• [Data supplied]
....

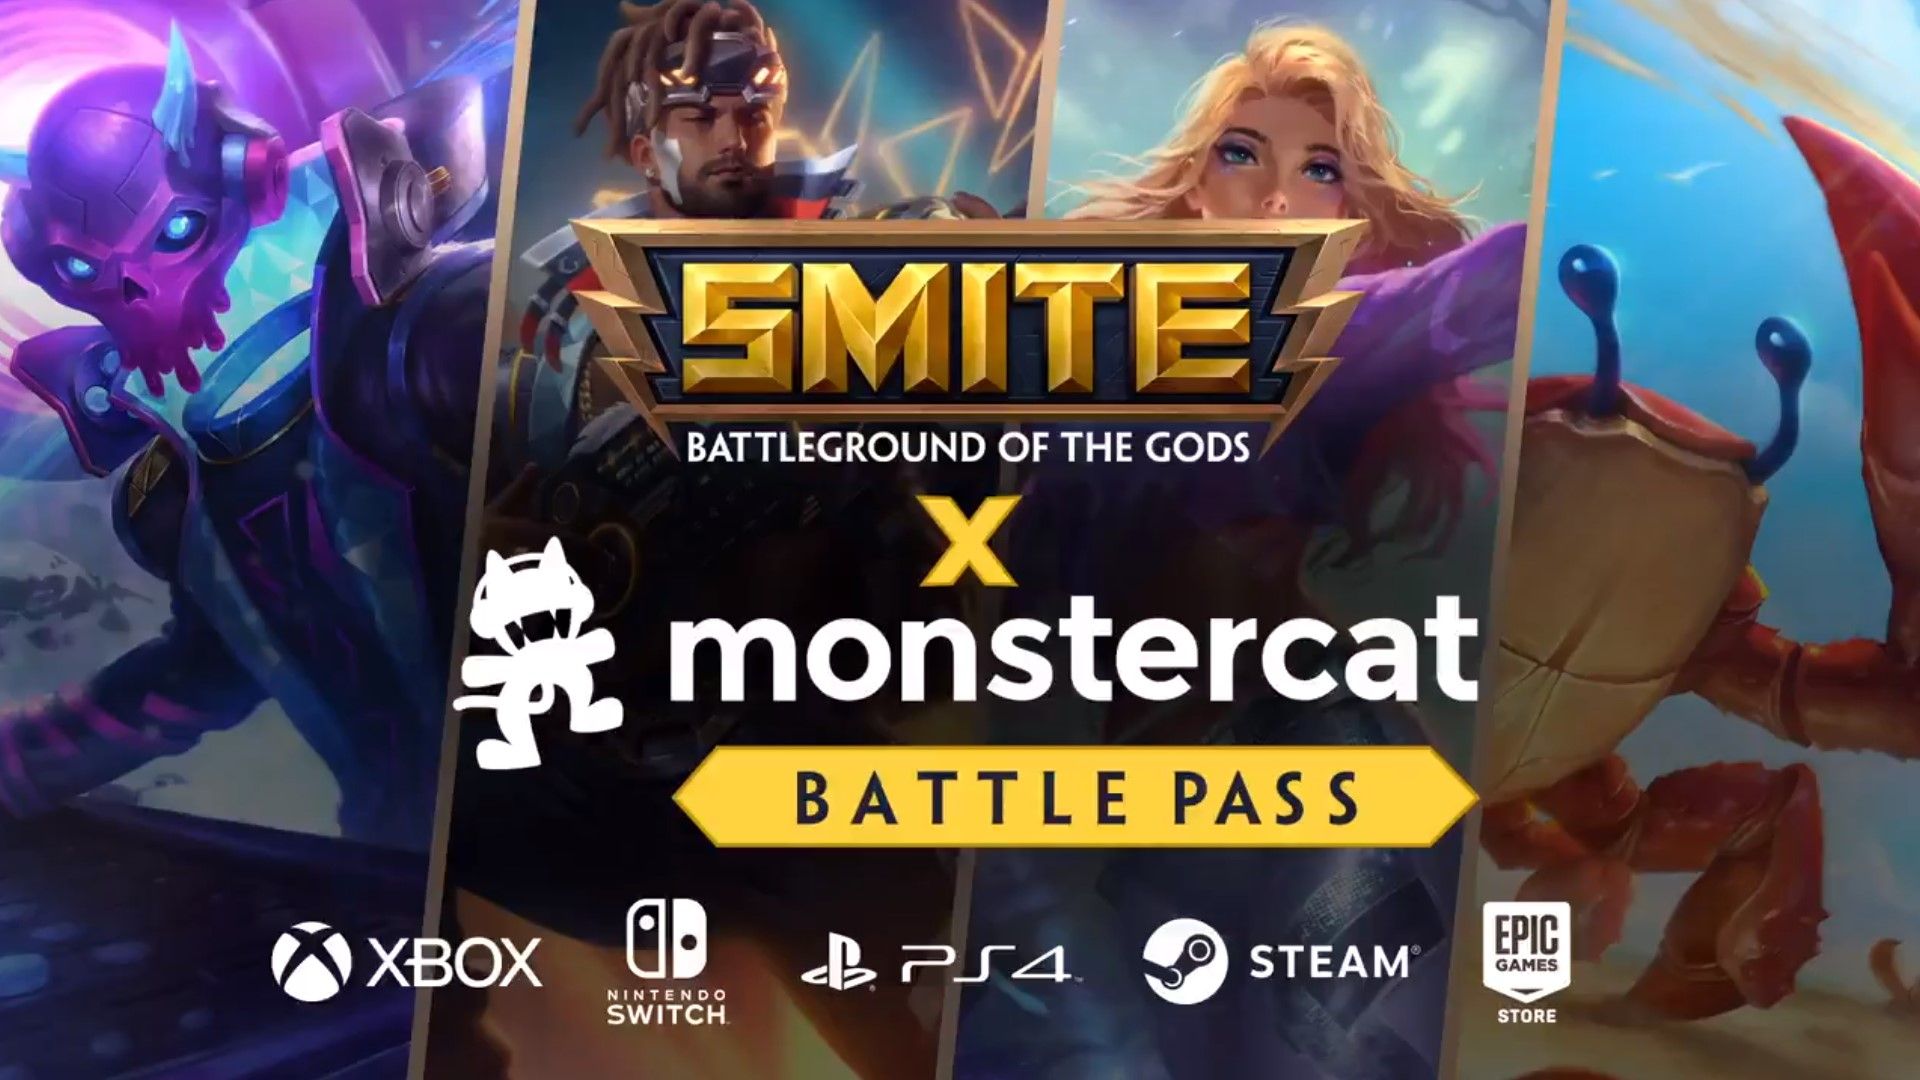 monstercat smite battle pass
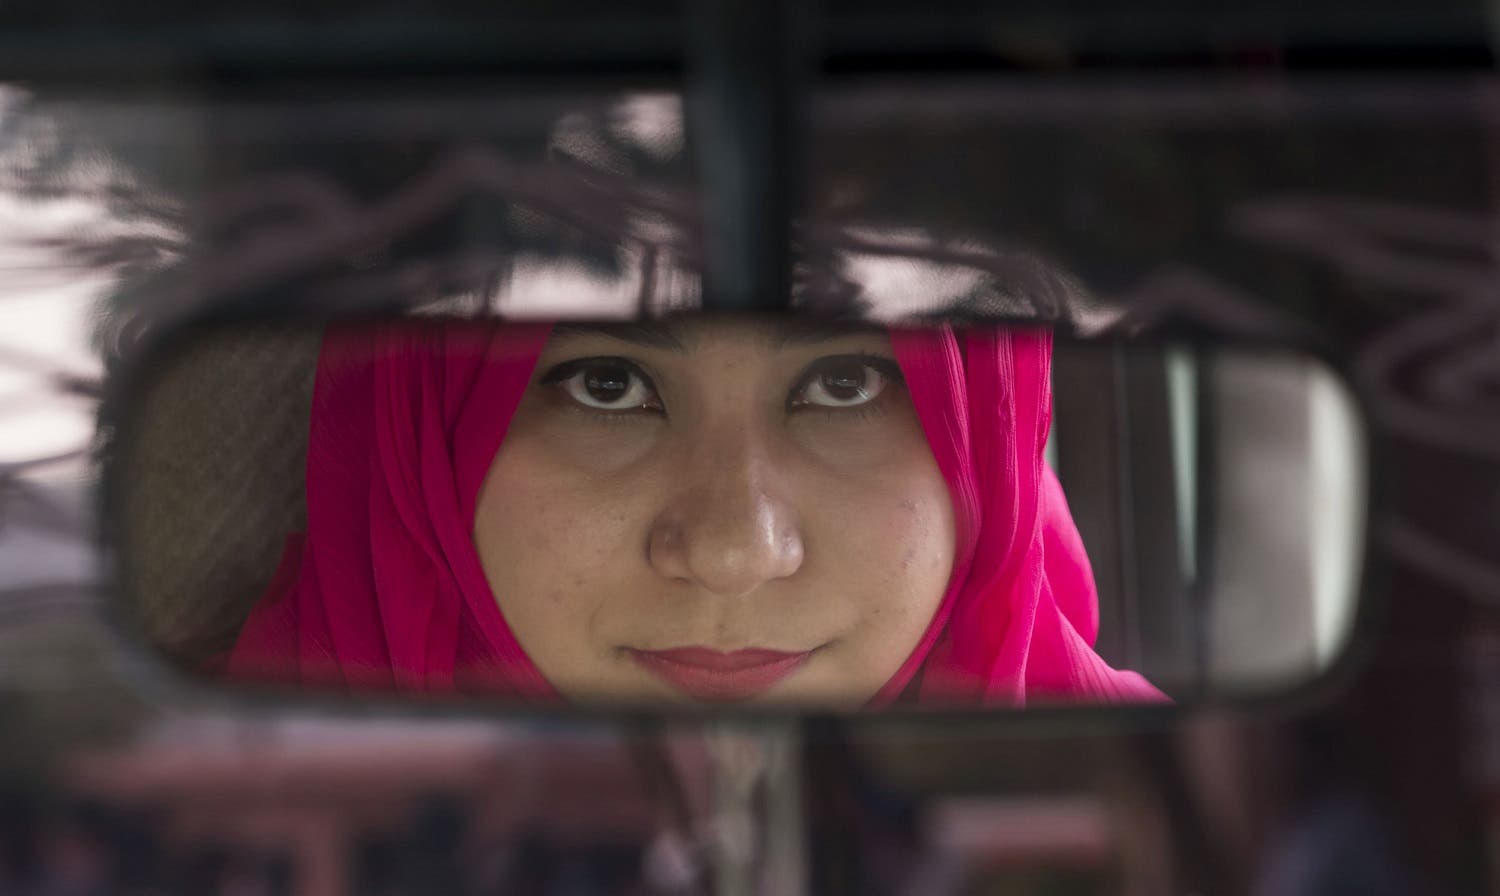 Women-only pink taxis set to hit Pakistani streets Al Arabiya English pic
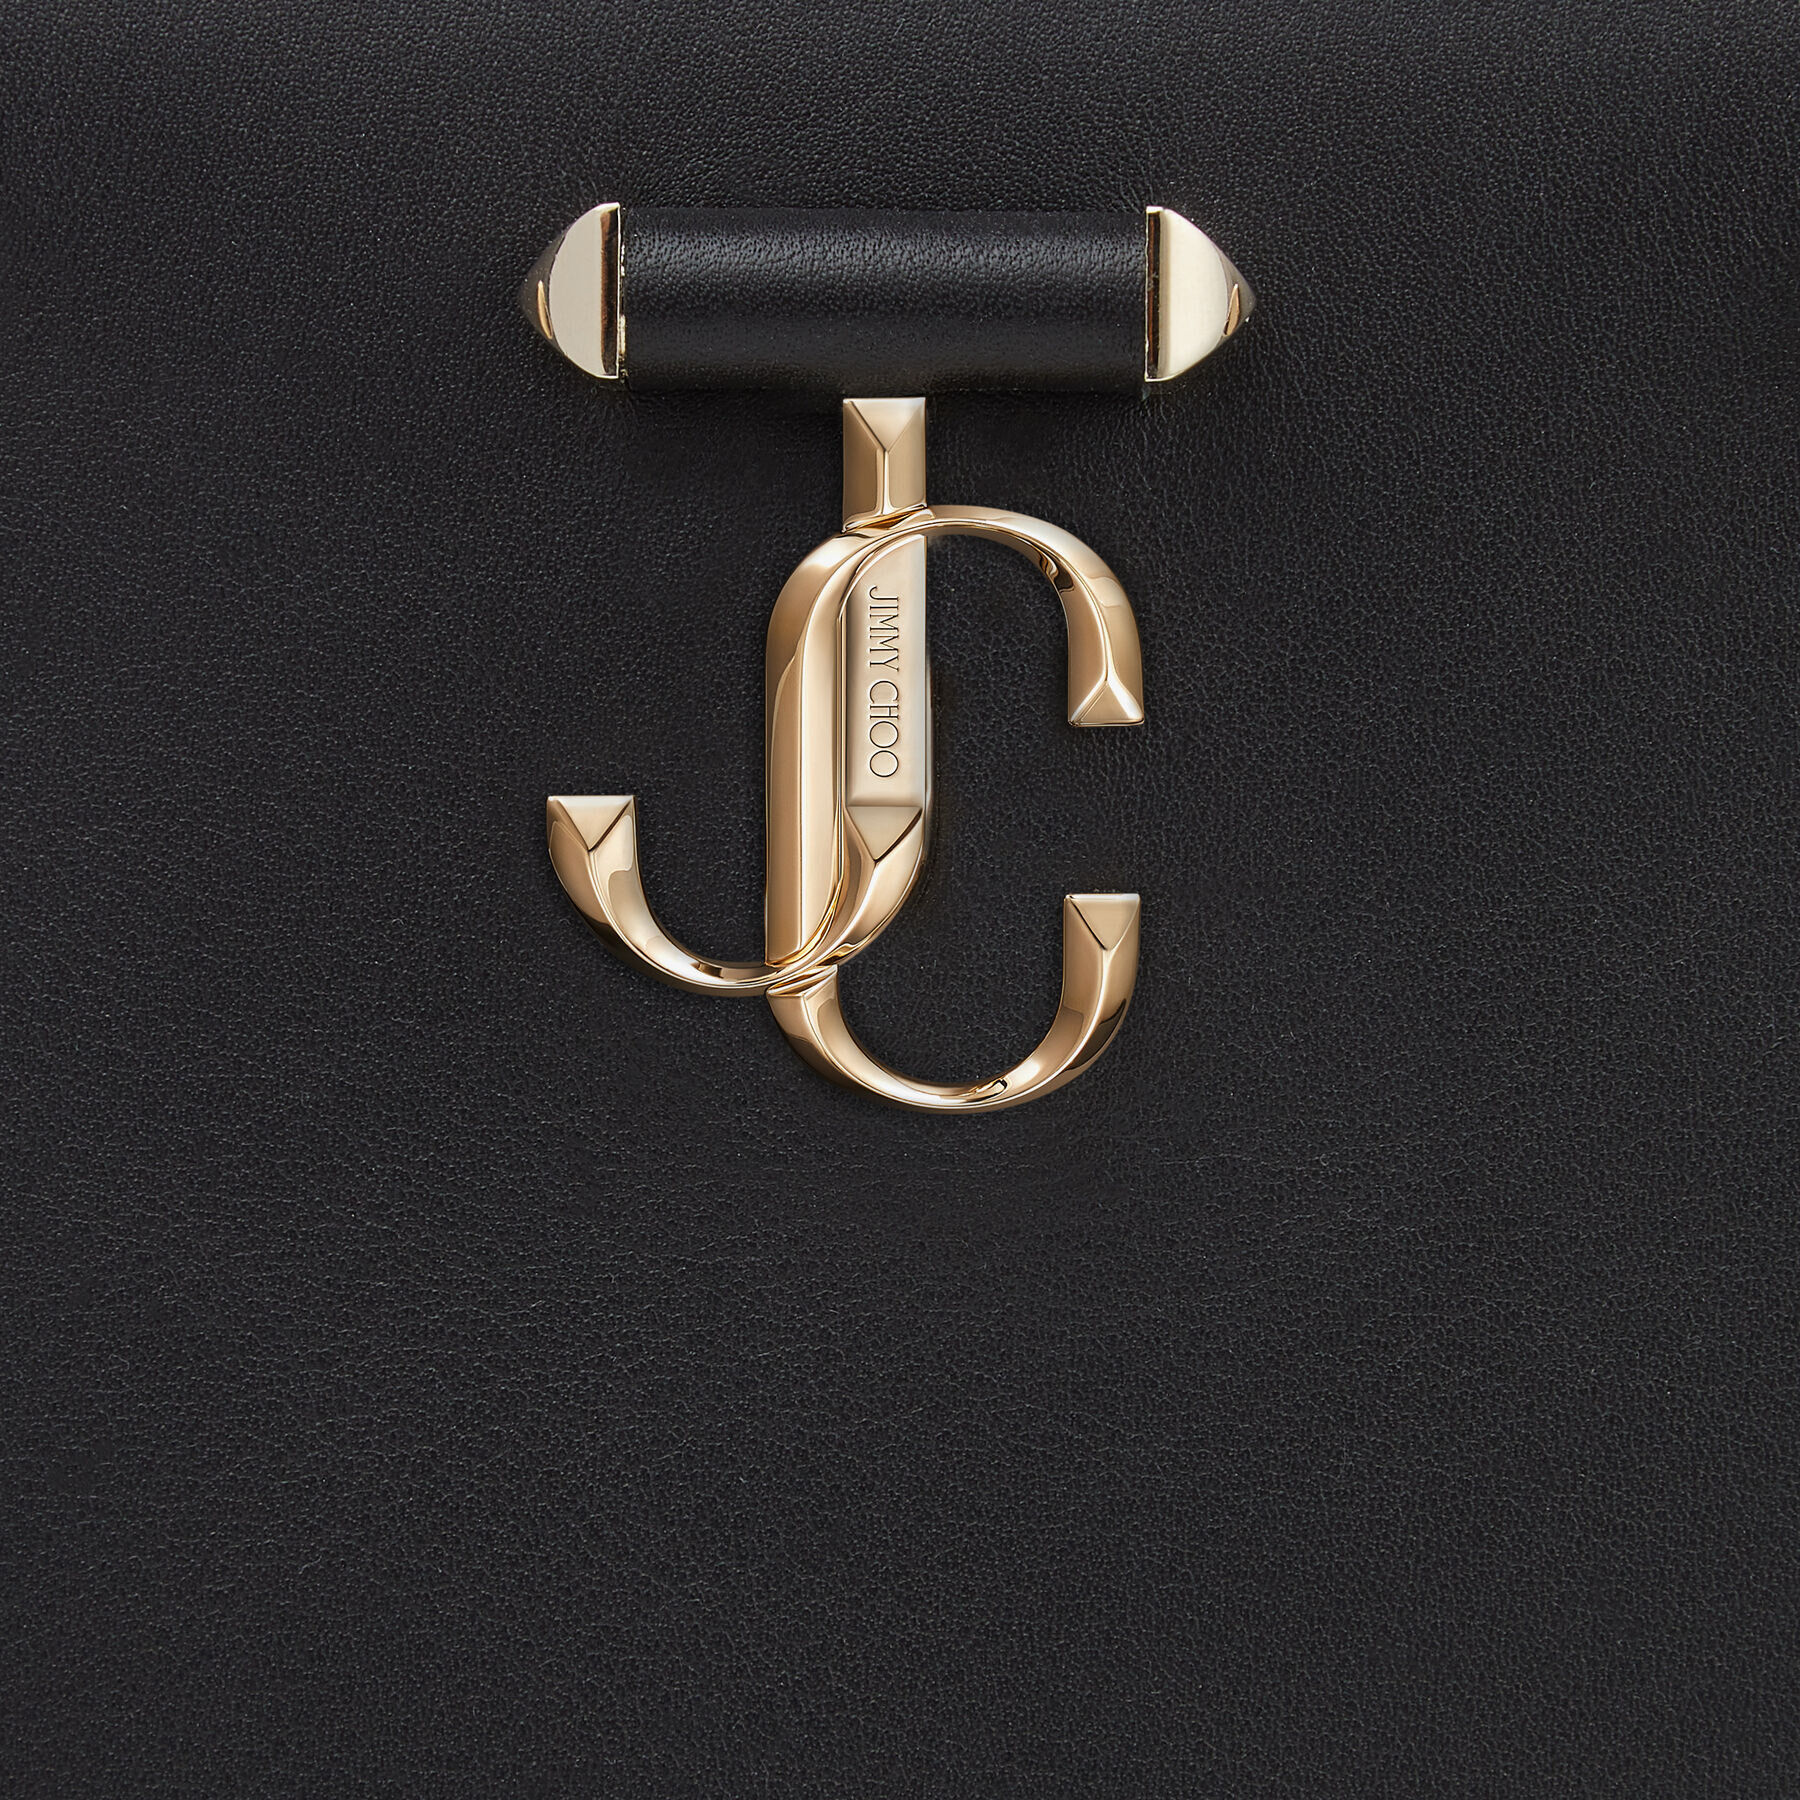 Black Fine Shiny Calf Leather Tote Bag with Light Gold JC Emblem 
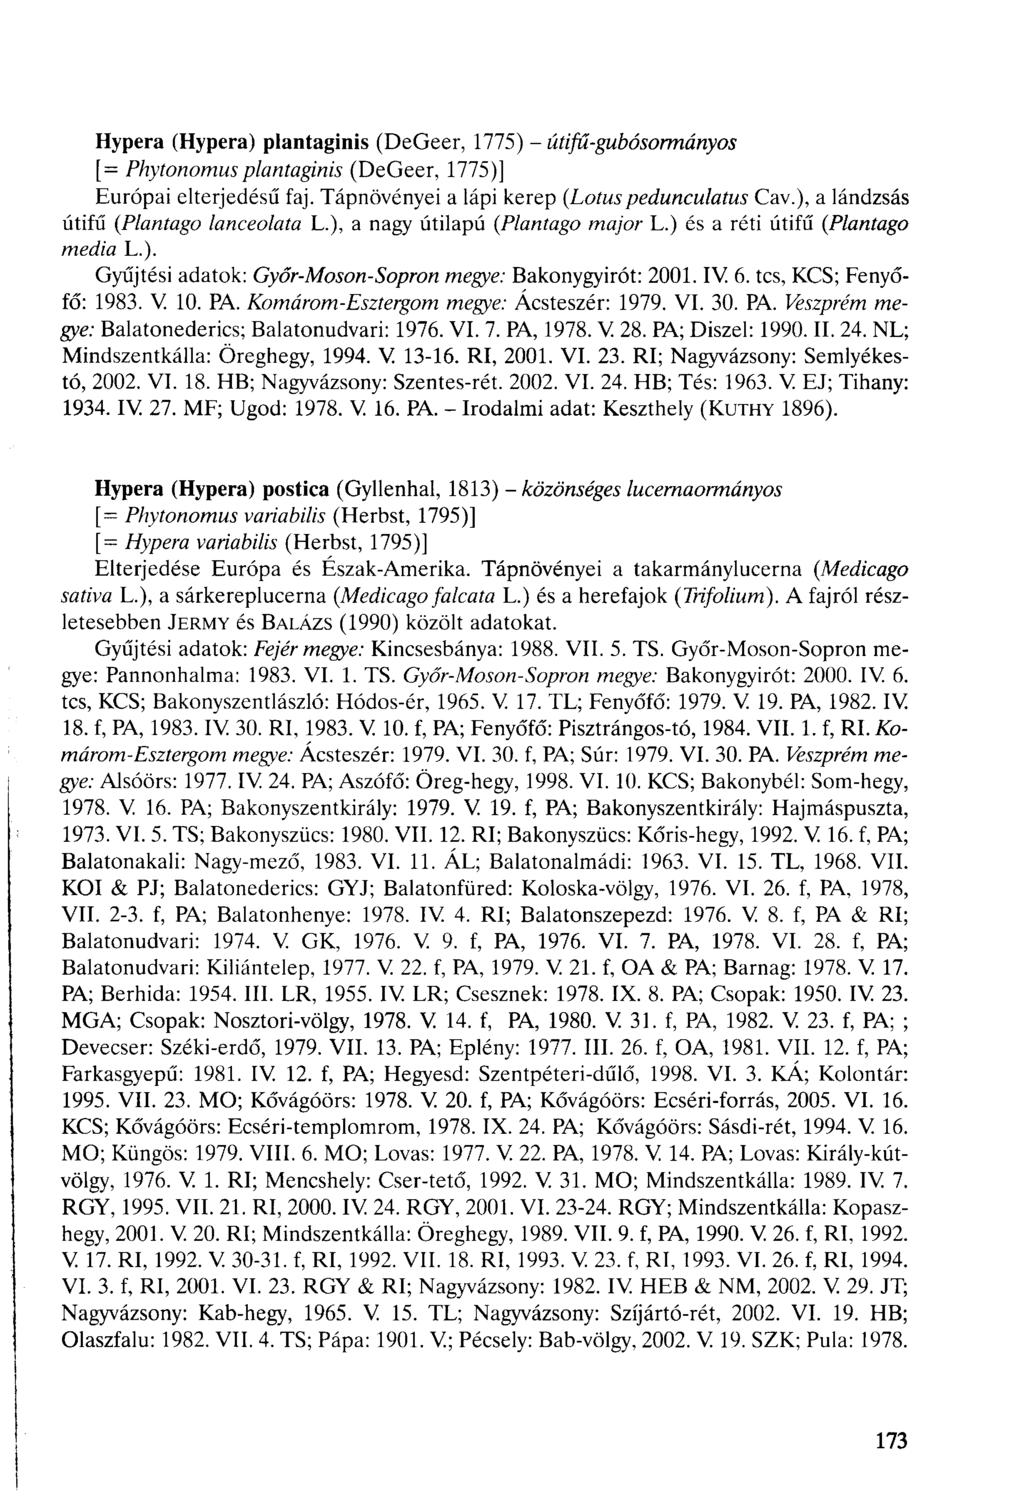 Hypera (Hypera) plantaginis (DeGeer, 1775) - [= Phytonomus plantaginis (DeGeer, 1775)] útifű-gubósormányos Európai elterjedésű faj. Tápnövényei a lápi kerep (Lotuspedunculatus Cav.
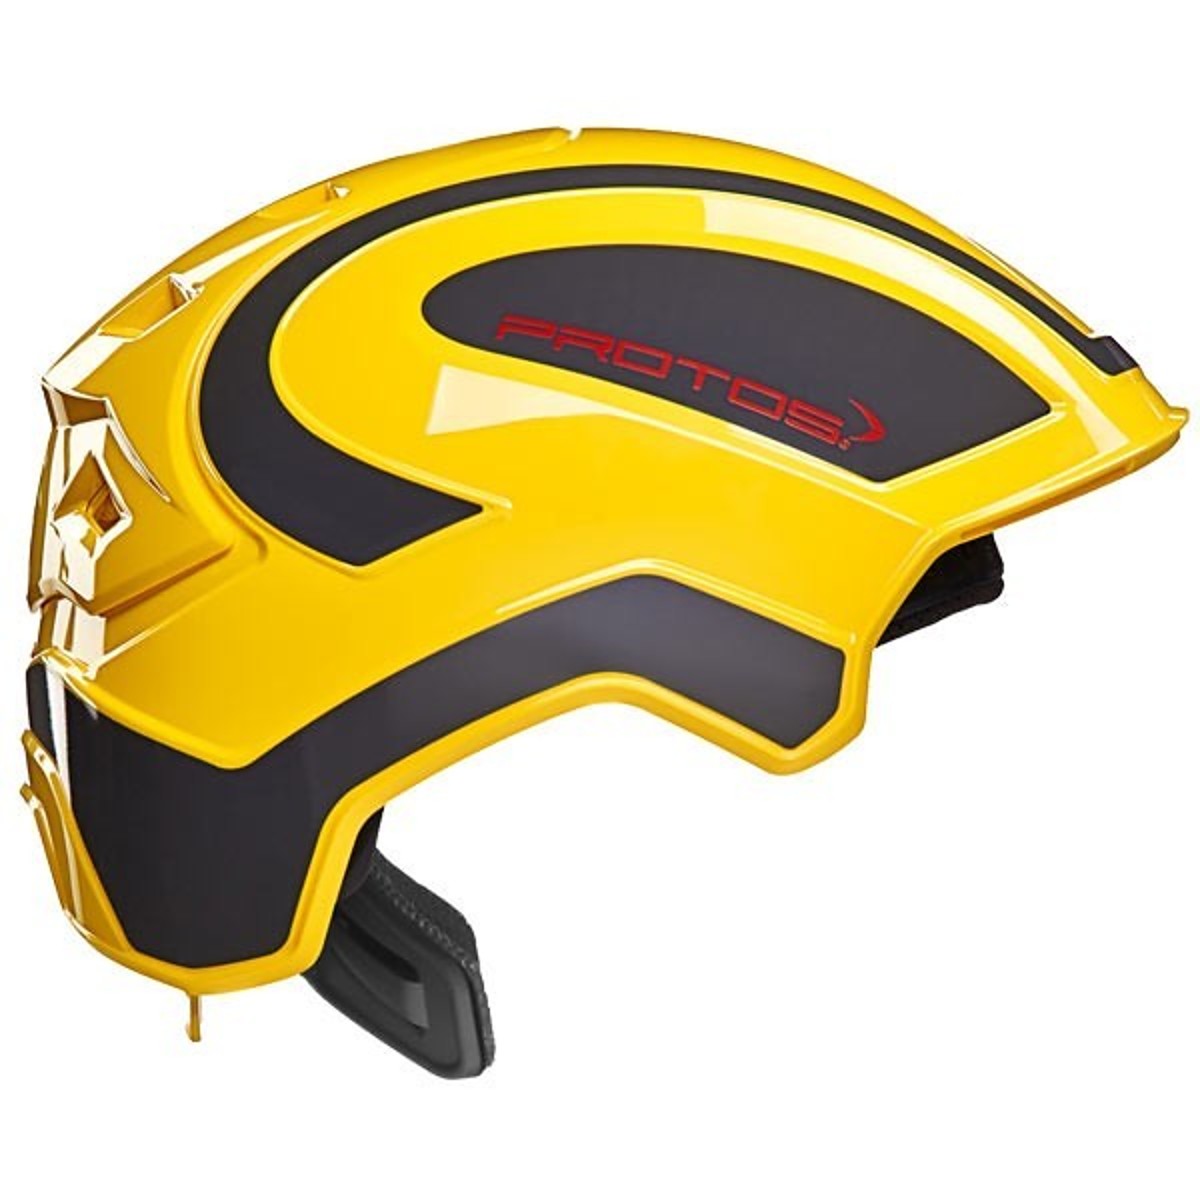 Protos Helm maximaler Schutz

....

• [What is being asked]
Transcribe the listing in full. Leave the pictures out.

• [Response to the exercise]
 monstercat smite battle pass
 Women-only pink taxis set to hit Pakistani streets Al Arabiya English pic
 Black Fine Shiny Calf Leather Tote Bag with Light Gold JC Emblem 
 Hypera (Hypera) plantaginis (DeGeer, 1775) - [= Phytonomus plantaginis (DeGeer, 1775)] útifű-gubósormányos Európai elterjedésű faj. Tápnövényei a lápi kerep (Lotuspedunculatus Cav.
 Protos Helm maximaler Schutz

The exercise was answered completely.